September 26, 2011, Ottawa, ON – The proposed American Jobs Act contains Buy American measures that will not only hurt Canadian manufacturers and suppliers, but will hurt the economic competitiveness of both Canada and the United States according to MLI Senior Fellow Laura Dawson in a recently released op-ed that appeared in the Toronto Star and The Chronicle Herald.
Dawson explains that the Buy American provisions might preserve jobs if goods were produced in one country and shipped to another, but that is not the case. Canada and the U.S. have an integrated, cross-border production system, which means that “a disruption to any node in the supply chain has far-reaching economic consequences.” As MLI pointed out previously in its award-winning book, The Canadian Century, some forty percent of all exports from Canada to the U.S. are so-called intra-company trade, or trade that takes place between parts of individual firms with operations on both sides of the border.

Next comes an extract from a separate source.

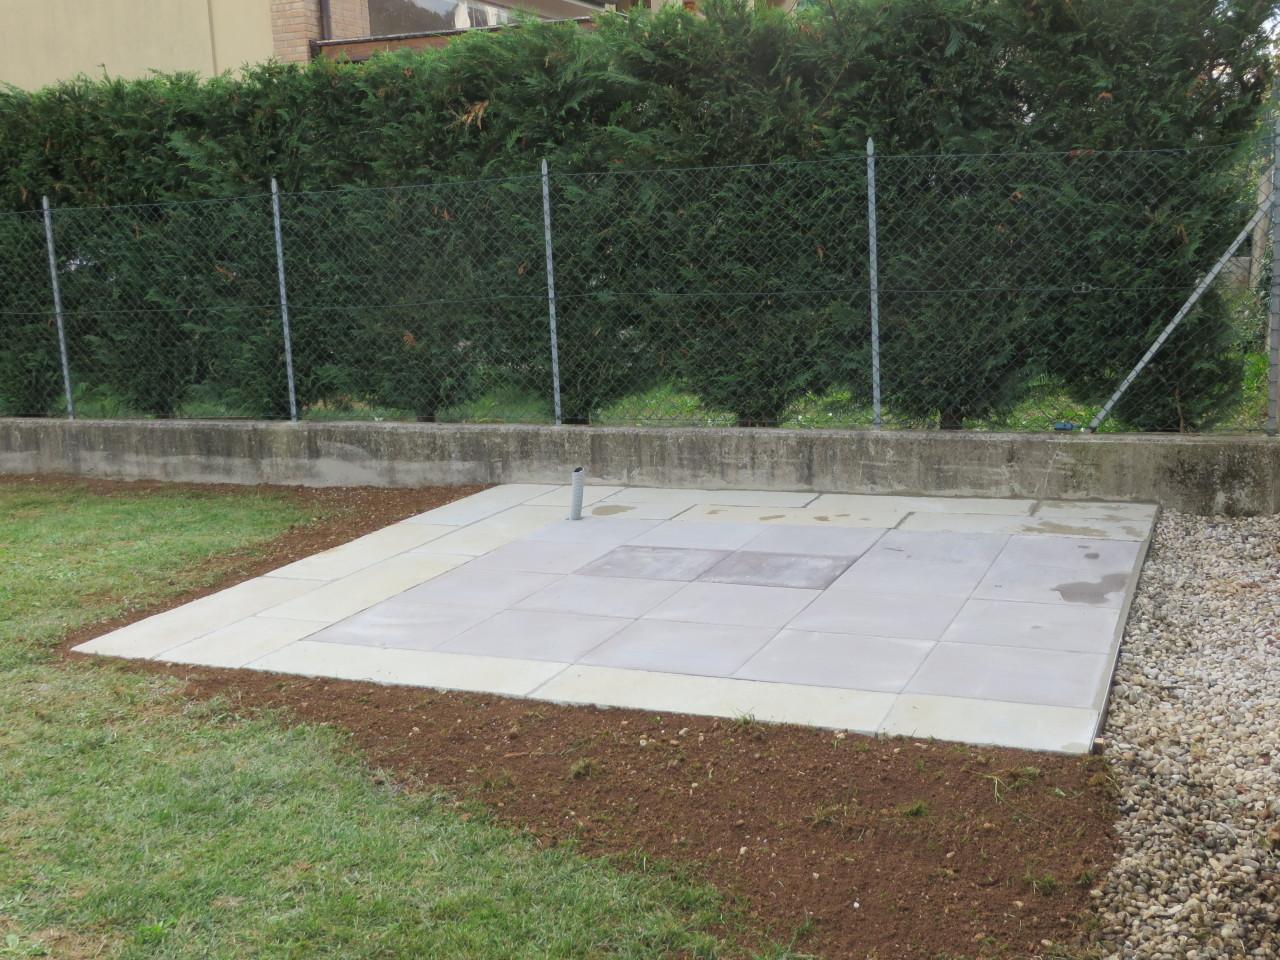 Realizzare un basamento per casette di legno - Pavimentazione giardino in legno ...

She adds that “depending on what it costs to find a new local supplier, the net economic effect could be negative. This in turn puts jobs and business at risk in both countries and increases the potential to look for off-shore suppliers or to move production off-shore, hurting local communities in each country.”

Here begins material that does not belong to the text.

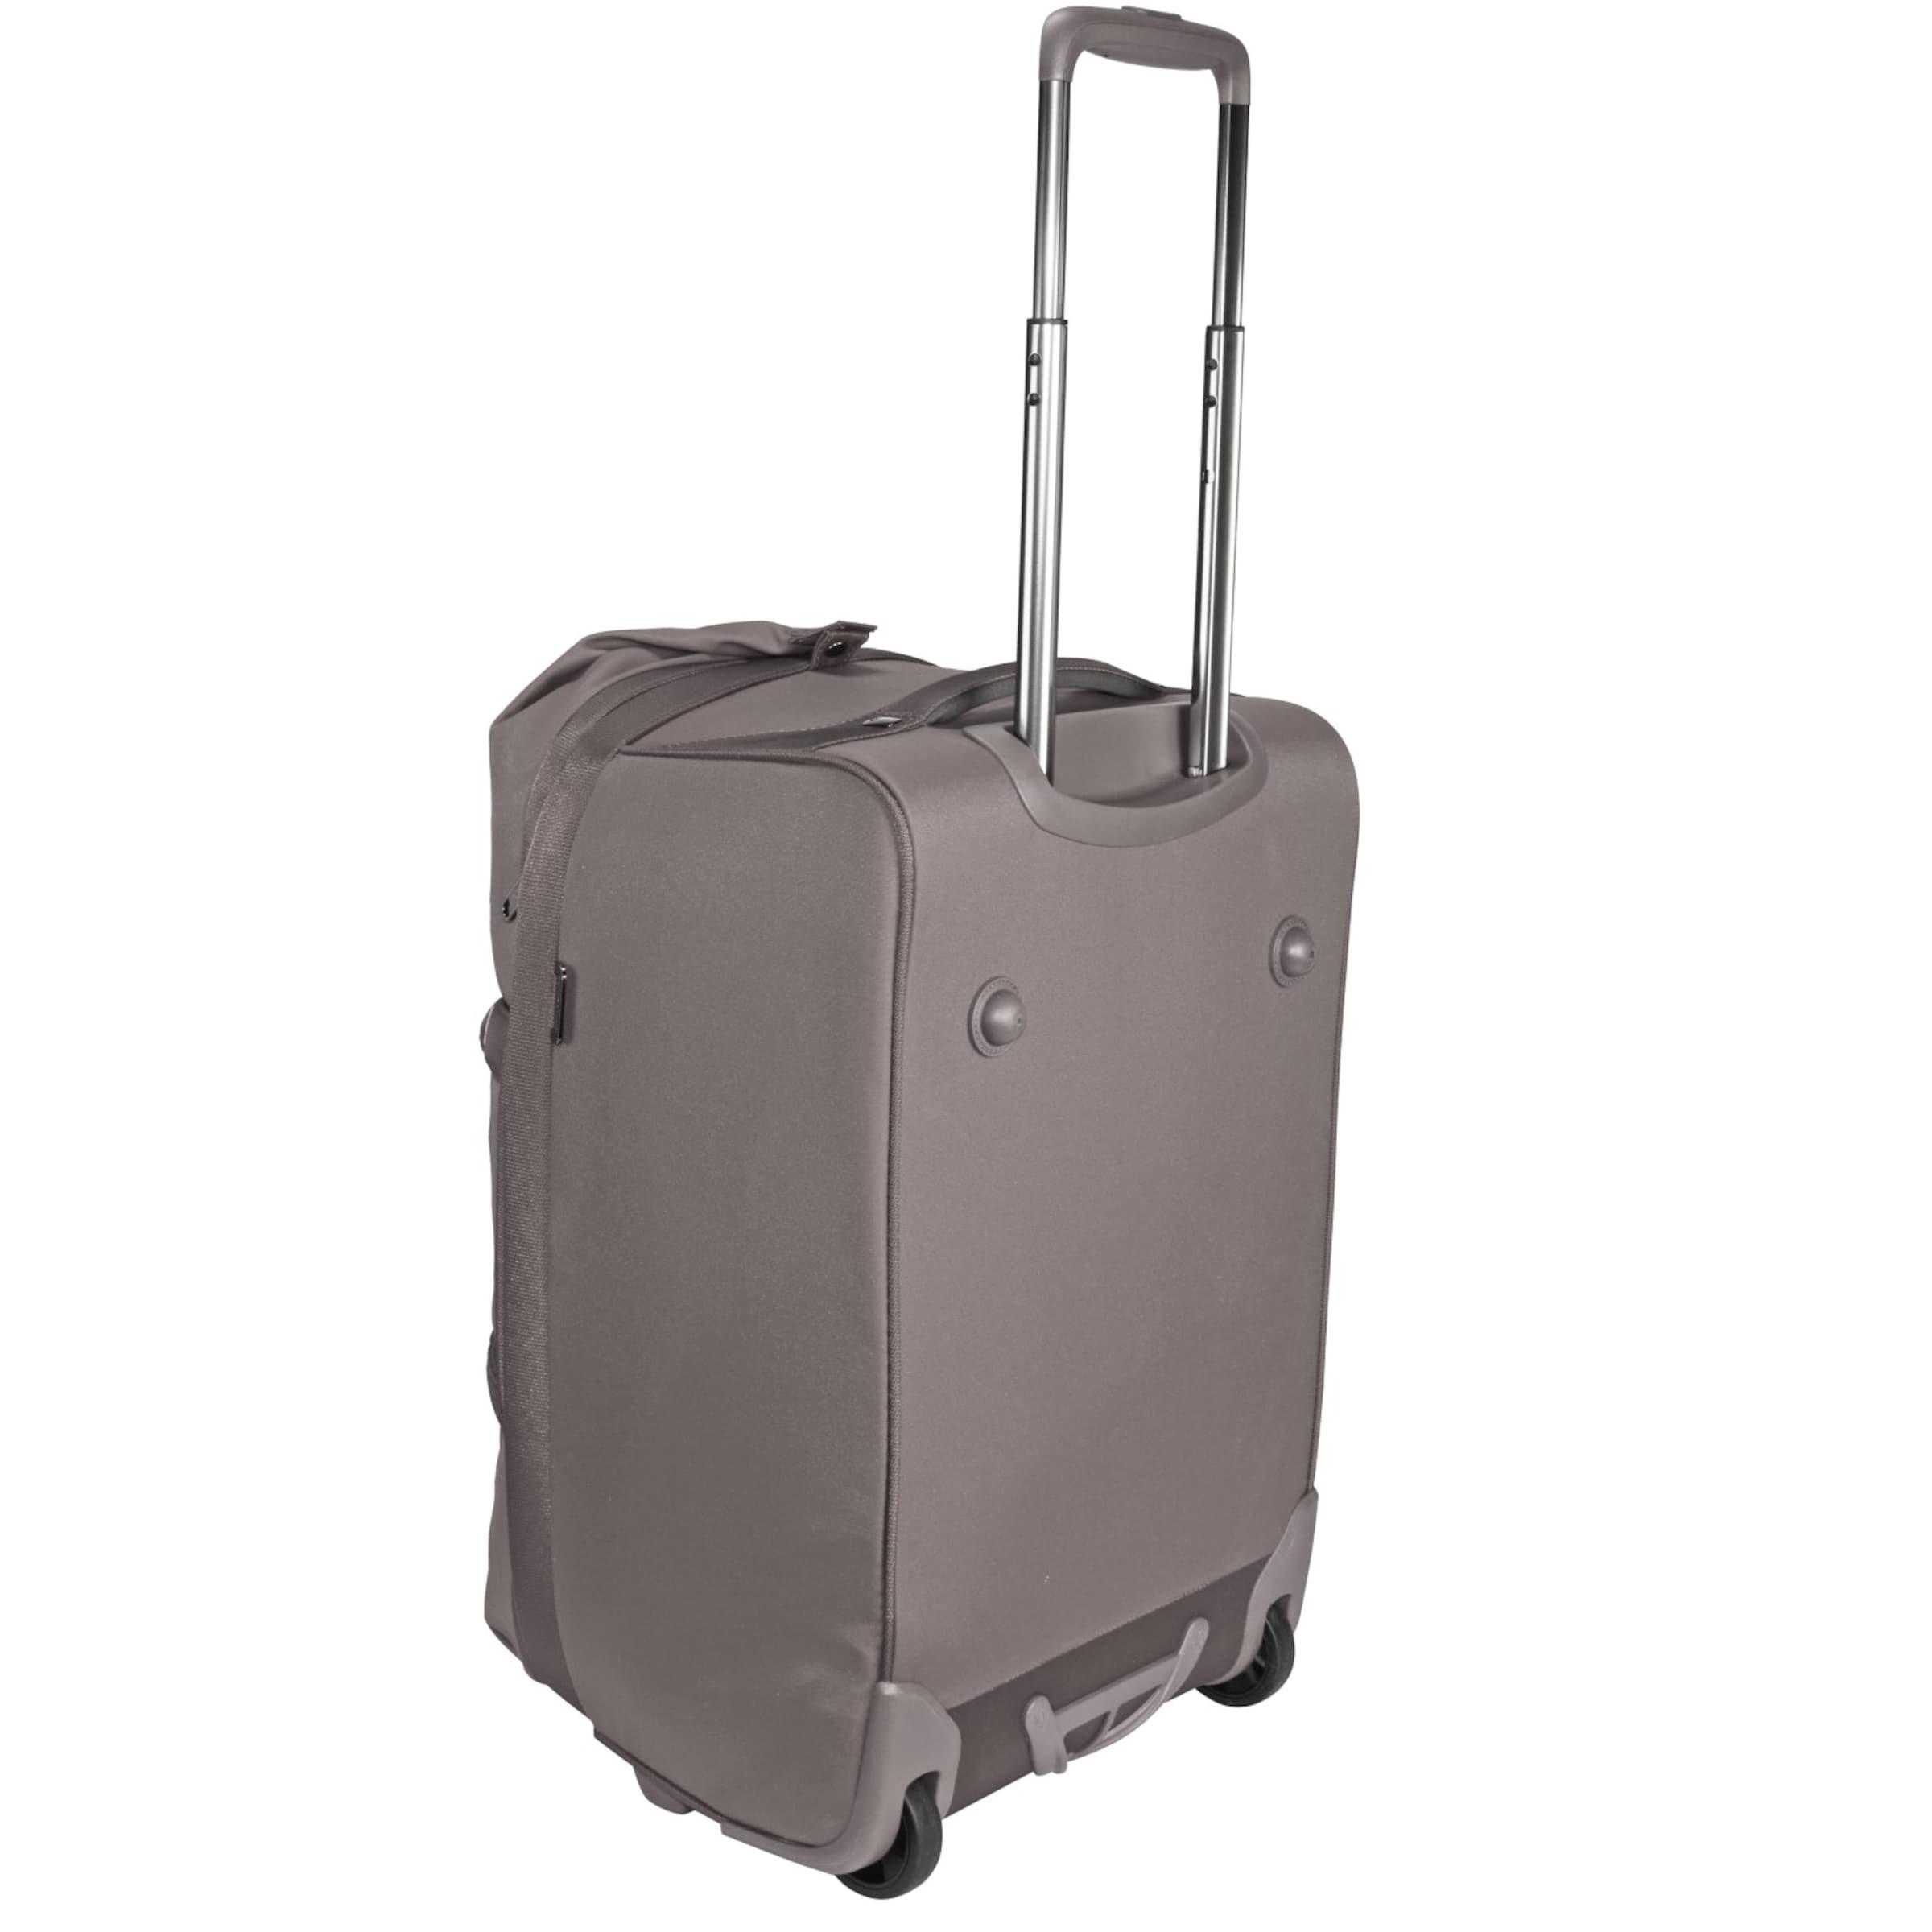 Ausverkauf Countdown Paketverkauf Online SAMSONITE Uplite 2-Rollen Reisetasche 55 cm thABqfk

The Buy America provision is yet another example of U.S.-Canadian institutions not reflecting the reality of our integrated economies. Rather than developing institutions supportive of our shared economies, both countries tend to approach bilateral economic issues on an ad hoc basis, jumping from one crisis to another.
She advises that policymakers need to look outside of Washington and Ottawa to find out what is needed by the people who actually make things and sell them.
Dawson concludes, “We cannot expect U.S. lawmakers to put Canadian interests ahead of their local interests. But they need to know that their constituents’ interests are intertwined with counterpart Canadian economic interests. Once again, we are reminded that Canadian governments and business need to take their facts about the hugely beneficial bilateral economic relationship to Congress, to every state legislature and to every local chamber of commerce. Take the message clearly and often to the folks whose jobs are on the line.”
Laura Dawson is a senior fellow of the Macdonald-Laurier Institute and president of Dawson Strategic.
The Macdonald-Laurier Institute is the only non-partisan, independent national public policy think tank based in Ottawa that focuses on the full range of issues that fall under the jurisdiction of the federal government.